No futebol, já se diz há algum tempo que as pessoas torcem mais pelo atleta que pelo clube. Em corporativês, a ideia se resume com a frase de efeito “player is the new player” — em inglês, para ficar bonito no LinkedIn. Algo como dizer que o jogador é o agente mais poderoso do mercado. E é parcialmente verdade. Neymar é um dos maiores expoentes deste fenômeno contemporâneo.
Contemporâneo, porque o fenômeno só faria sentido num futebol globalizado e num mundo em que conexões entre as pessoas foram encurtadas pela digitalização. Pelé tinha torcedores do Pelé, não necessariamente do Santos, nos anos 1960. Assim como Zico, Sócrates, Ronaldo e Ronaldinho Gaúcho em cada uma das décadas subsequentes. É verdade. Neymar está inserido noutro contexto.
Enquanto jogava no Brasil, Neymar tinha admiradores e simpatizantes entre santistas e não-santistas. Isto já o destacava de quase todos da geração dele. Quando ele vai para o Barcelona e joga pela seleção brasileira, a massa de seguidores aumenta. E ela passa a migrar de clube para clube. O Paris Saint-Germain ficou muito maior enquanto teve a presença dele em campo. Agora é a vez do Al-Hilal.
O jogador tem a capacidade de gerar torcedores para o clube durante a passagem? Pesquisas ainda captarão dados a respeito da fase de Neymar no PSG, mas existem indicativos noutros casos. Quando a empresa Sport Track levantou para quem torciam os brasileiros em 2010, o Milan de Kaká apareceu com 30%. Em 2020, com performance ruim e sem ídolos brasileiros em campo, o clube caiu para 3%.
Volto ao ponto: ainda que Neymar possa não deixar torcedores pelos lugares que passa, o fato é que ele os carrega, e isto só acontece porque o mundo foi globalizado e digitalizado.
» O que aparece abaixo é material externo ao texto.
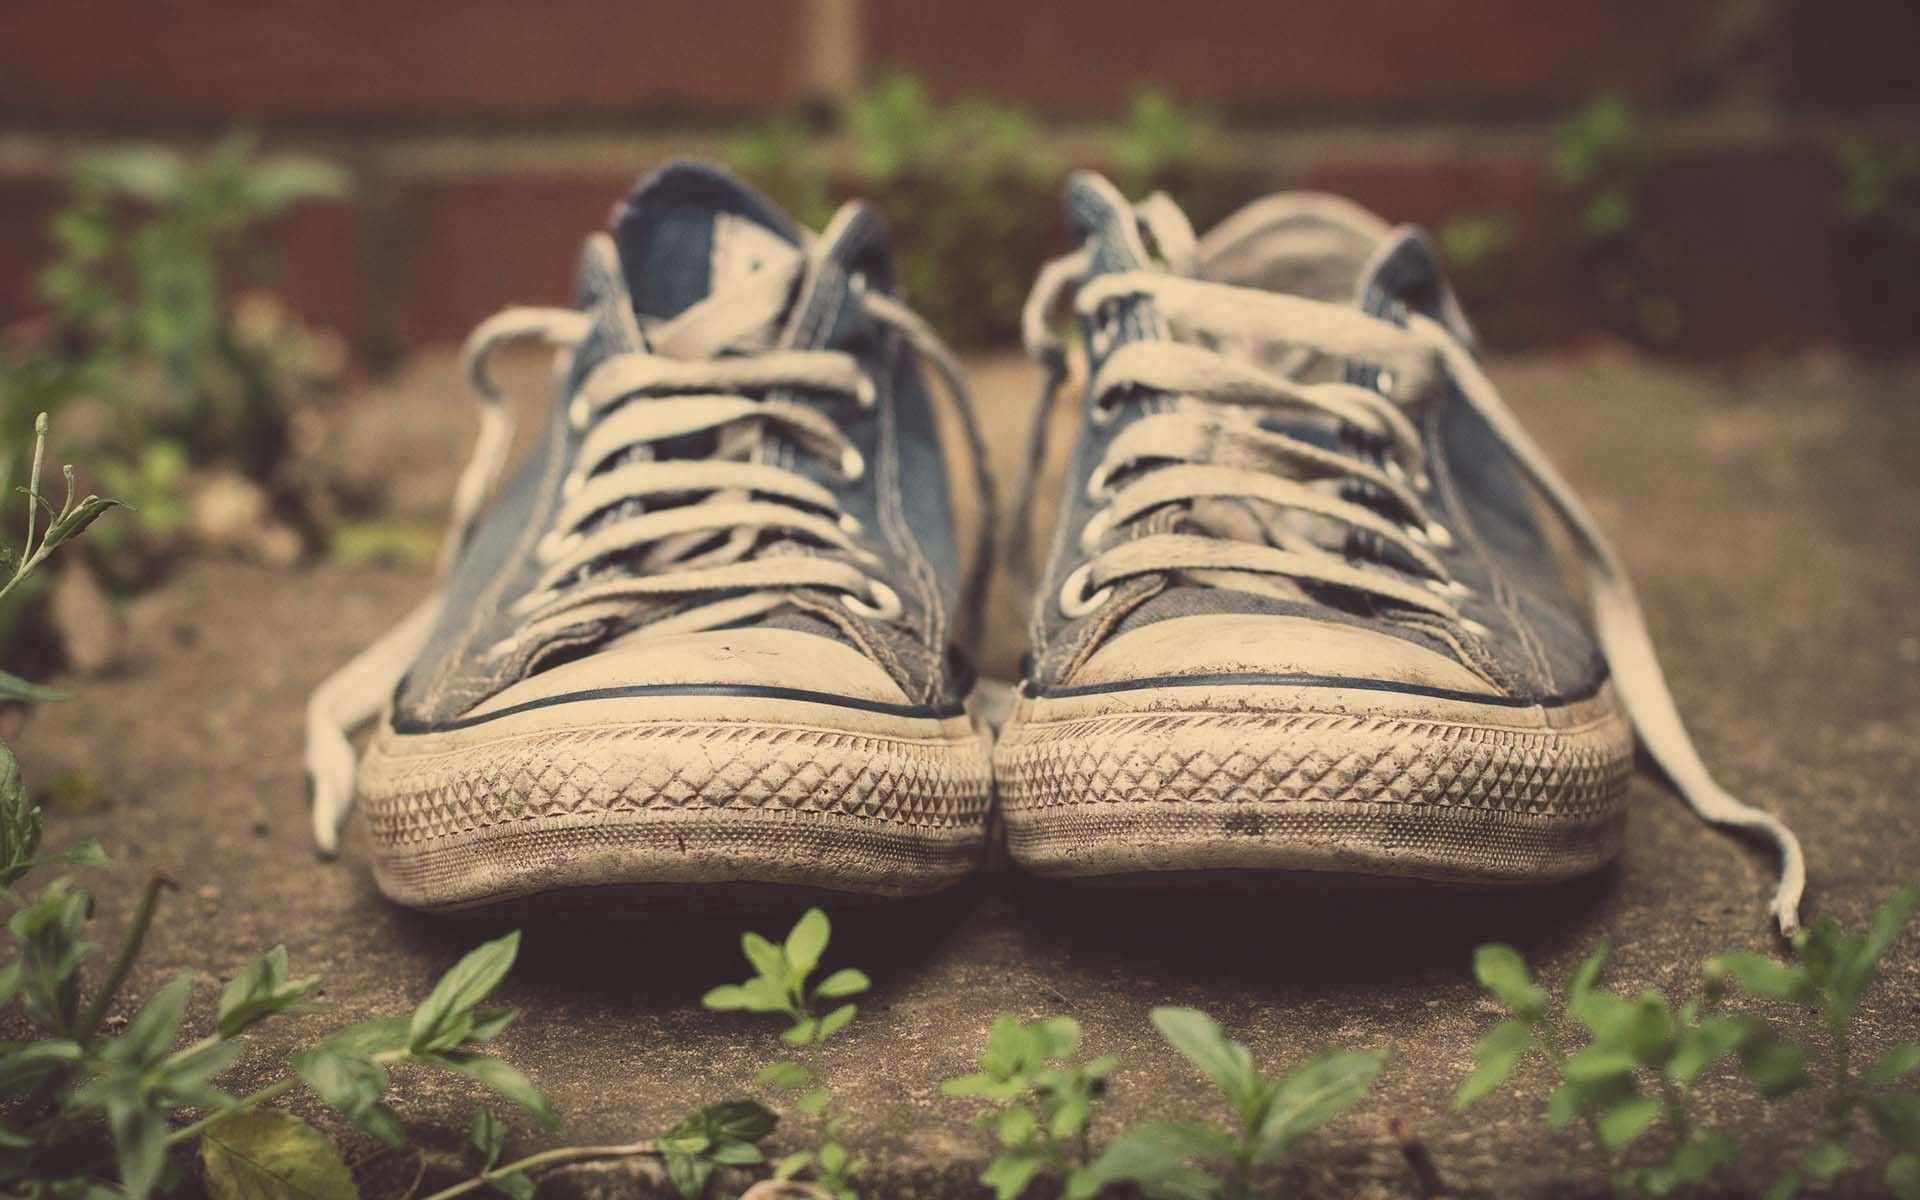 shoes, miscellanea, old, sports, miscellaneous, sneakers, mud, dirt, footwear, laces, shoelaces

Se não fossem ambos os fatores, o jogador não teria fãs americanos, chineses e sauditas. As pessoas não conseguiriam acompanhar cada passo que ele dá, nem poderiam assistir a todos os seus jogos.
Pelé encerrou a carreira no New York Cosmos, Zico foi para a Udinese, Sócrates jogou na Fiorentina. Ronaldo e Ronaldinho Gaúcho passaram a maior parte de suas carreiras em clubes europeus. Ainda que a imprensa tenha feito a cobertura dessas histórias, em texto, áudio e vídeo, o alcance e a instantaneidade não se comparam a Neymar emoldurado pelo futebol contemporâneo.
Se o bônus do “player is the new player” vem em dinheiro, o ônus está na expectativa e nas narrativas que as pessoas criam para o jogador. Uma conta que Neymar paga desde o começo e que ficou evidente desde a decisão de ir para o Al-Hilal. Público e imprensa se veem no direito de julgar o que ele deveria fazer, onde deveria viver, por qual clube deveria jogar —em tom condenatório.
Jornalistas e influenciadores disseram que Neymar desistiu do futebol. Fico imaginando o bafafá, se discutíssemos as escolhas profissionais dessas figuras. Alguém que deixa a Globo desiste de sua profissão? O que falta a quem comenta futebol no rádio ou na internet, em vez de estar na televisão aberta? “Fulano tinha tanto potencial, Ciclano já foi tão importante”. É isso que fazem com atletas.
Minha primeira reação à decisão de Neymar foi de decepção, admito. Depois de tudo o que foi dito na última semana, recuo. Não me alinho a este julgamento catastrófico e polemista. “Player is the new player”, mas não quer dizer que tenhamos o direito de depositar nessas pessoas as nossas projeções e frustrações. Desses males este nosso mundo, globalizado e digital, já está farto.